◆ **PROBLEM REQUIREMENTS**: Every line below between the one holding "Szene des Schiffes" and the one holding "Leidenschaftlich - Zweig", inclusive, should be copied exactly, and no other line.

◆ **SUPPLIED ENTRIES**:
------------------------------
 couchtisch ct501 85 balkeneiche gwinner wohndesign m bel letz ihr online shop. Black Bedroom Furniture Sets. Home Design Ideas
------------------------------
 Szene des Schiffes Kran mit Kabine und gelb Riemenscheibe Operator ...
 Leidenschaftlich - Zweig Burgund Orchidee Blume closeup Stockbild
------------------------------
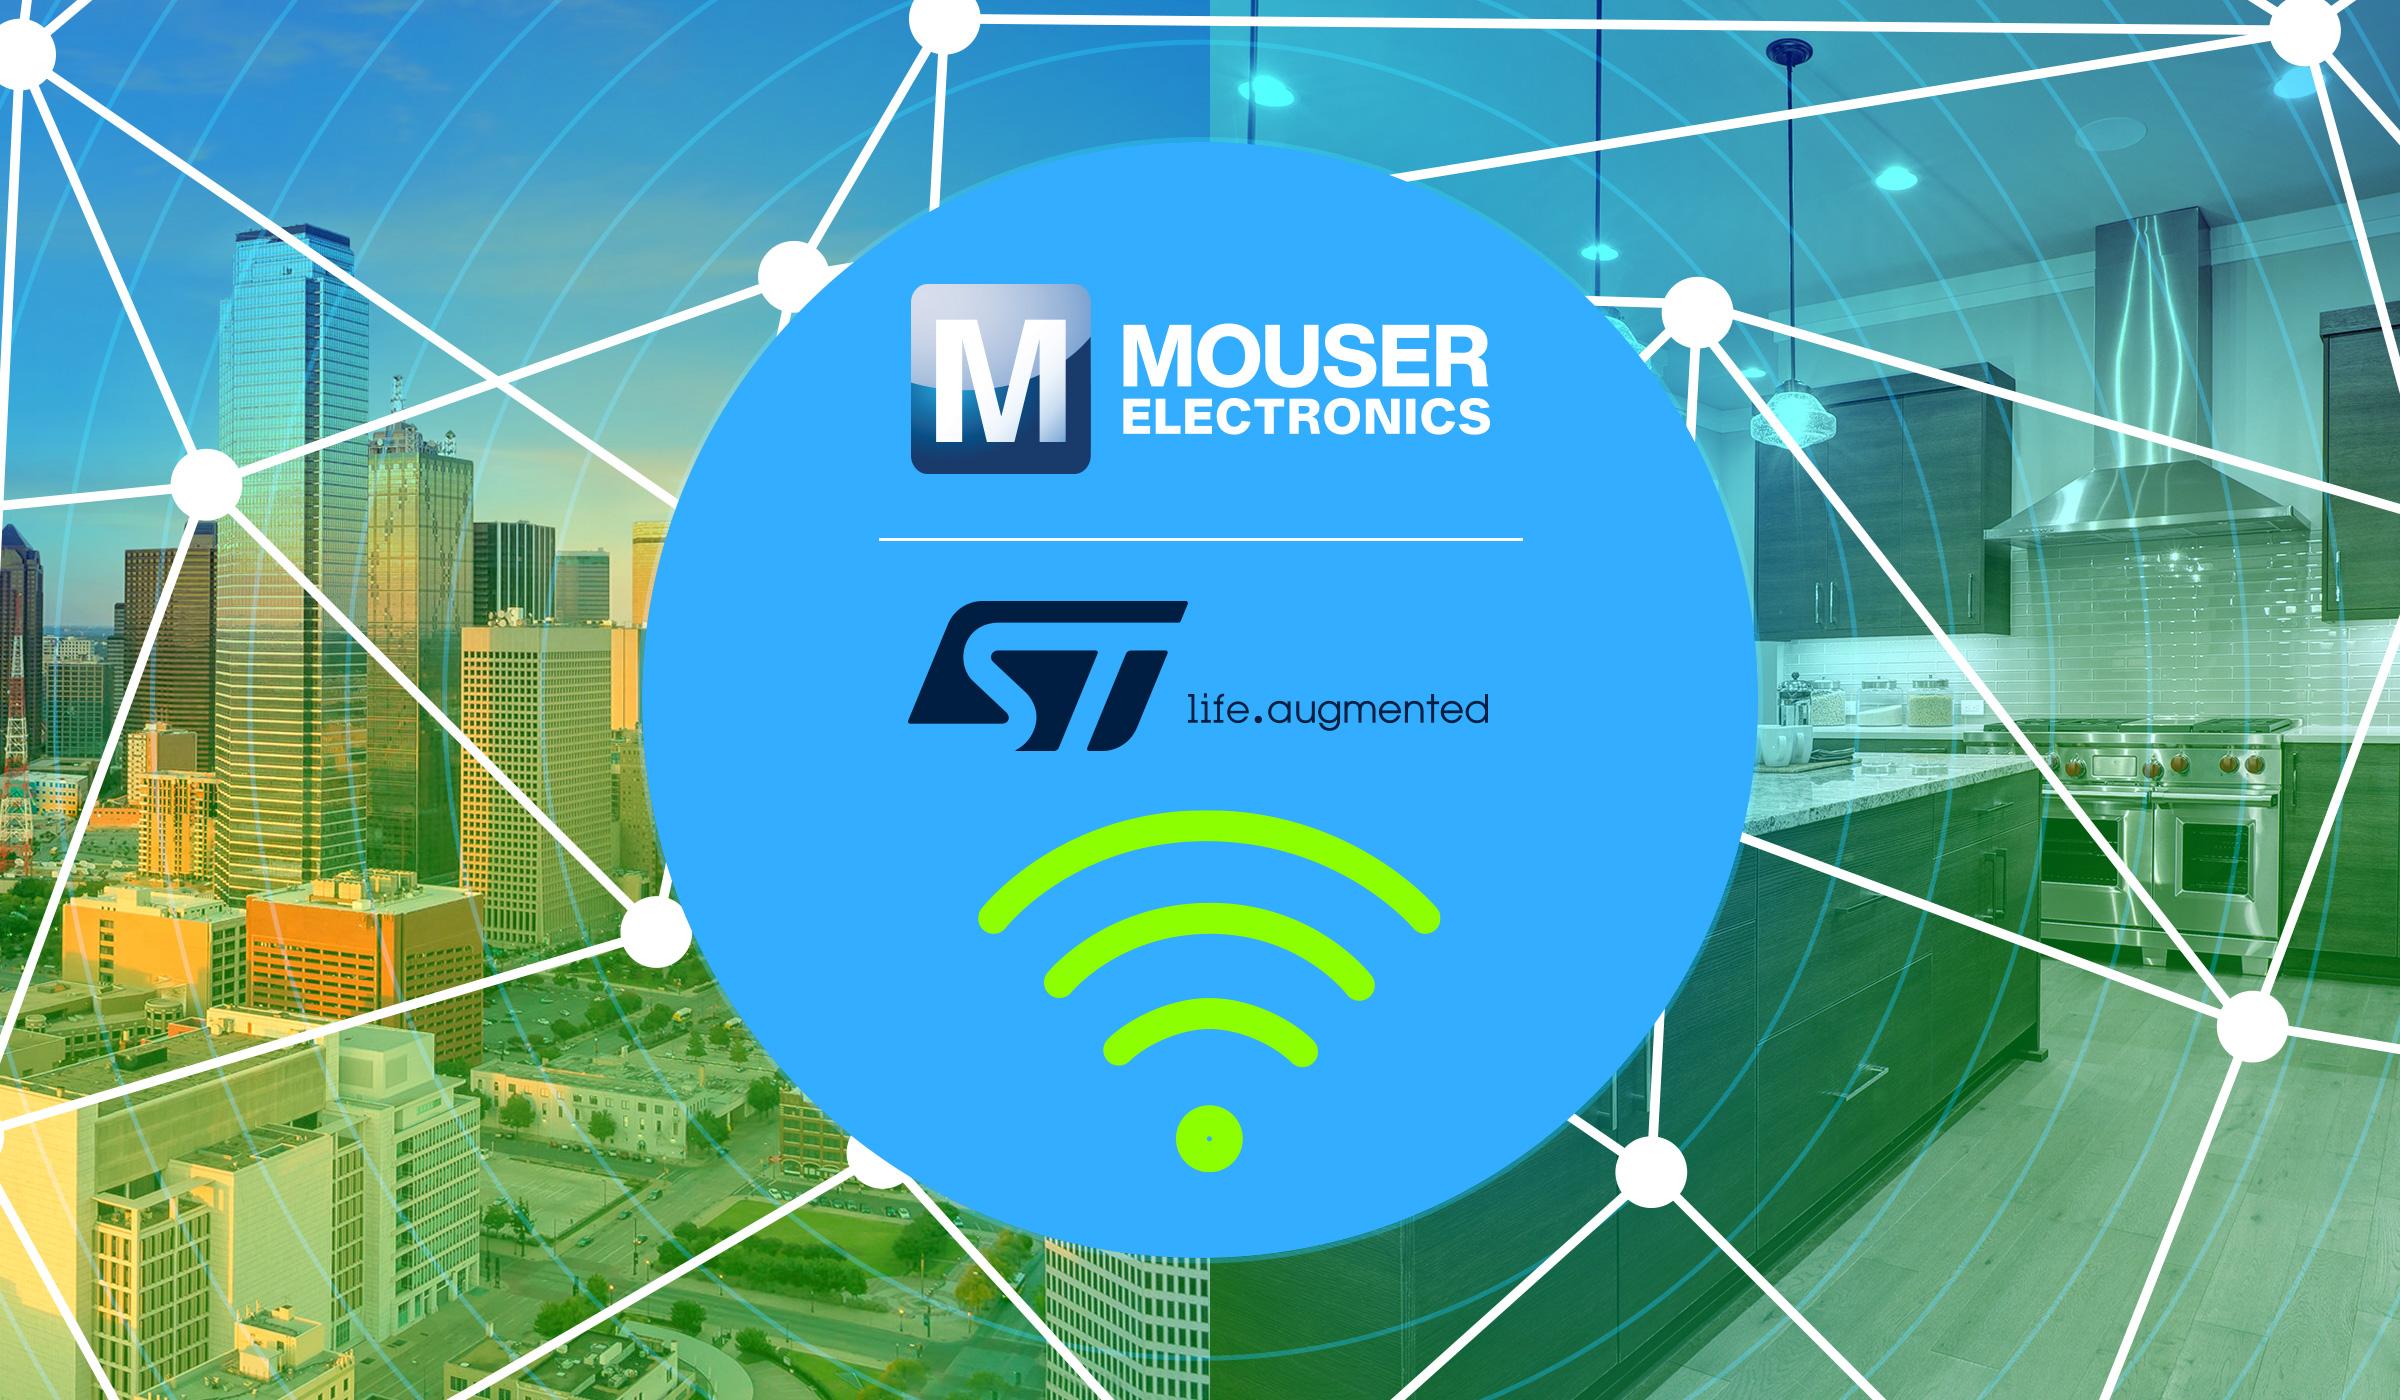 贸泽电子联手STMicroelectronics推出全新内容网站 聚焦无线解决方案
------------------------------
◆ **ANSWER SPACE**:
 Szene des Schiffes Kran mit Kabine und gelb Riemenscheibe Operator ...
 Leidenschaftlich - Zweig Burgund Orchidee Blume closeup Stockbild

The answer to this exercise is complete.